TechInAfrica – Gilbert Saggia, SAP’s executive claims technology will bring about the rapid growth of Africa seaports. The managing director of the company’s East Africa’s branch states that tech will cause seaports on the Africa continent to maximize their full potentials. The company, SAP is a world-recognized application software firm.
Saggia claims that automation will make ports in Africa advanced in their operations. With a centralized approach, both terminal and other port operations will be effectively managed using a single platform.
Saggia suggested in his article that tech usage will give ports the opportunity to prepare better for unforeseen circumstances, prevent potential business disruptions, recommend remedial action and facilitate communication between the various stakeholders in the port’s value chain. According to him, this will eliminate duplication of messaging or effort.
According to SAP, sea trade can drive over 90% of export and import activities in Africa. The ports will also favor Africa countries like Chad and Ethiopia where there is an abundance of raw materials and others to export.
There is also a high demand for processed and finished goods by these regions from the East and West.
Saggia said; “countries that have a lot to offer with regards to world trade but are landlocked will remain handicapped without these gateways.
If the Africa continent is to have any major impact in world trade or benefit from global economic growth, its seaports are to count on.
Africa ports are experiencing huge challenges from inefficient operations and poor infrastructural development leading to losses in revenue.
According to Saggia, Africa seaports must overcome the main challenges they are facing for sea trade to be more successful.
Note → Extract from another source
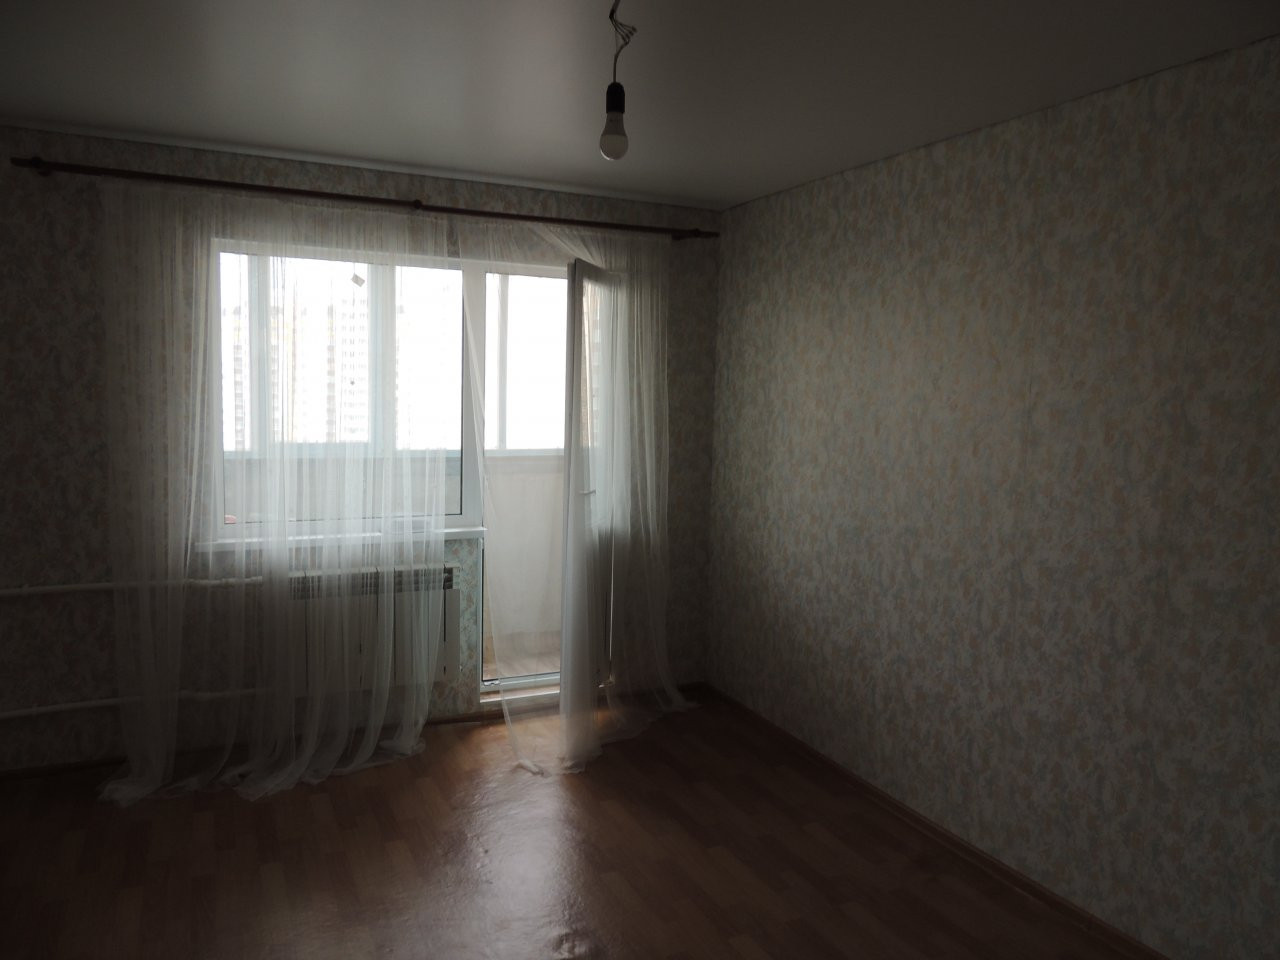 Квартира оренбург степной однокомнатная купить квартиру

Most of the challenges include lengthy clearances for cargo, under-developed hinterland and basic port infrastructure, cargo and container theft, low automation and use of outdated equipment.
According to the global performance benchmarking by SAP, seaports that are driving productivity improvements through technology operation have operating margin that is 36% higher than their peers.
In the Asian continent where ports are well automated, the turnaround time – the duration of time it takes vessels to port, offload cargoes, reload and depart – may not reach up to seven hours. But the same operation takes an average of five days for ports in Africa.
However, investing in infrastructure is one side of the coin if ports in Africa are to handle more cargoes efficiently. Africa ports need to make good use of existing resources especially those aimed at moving cargo.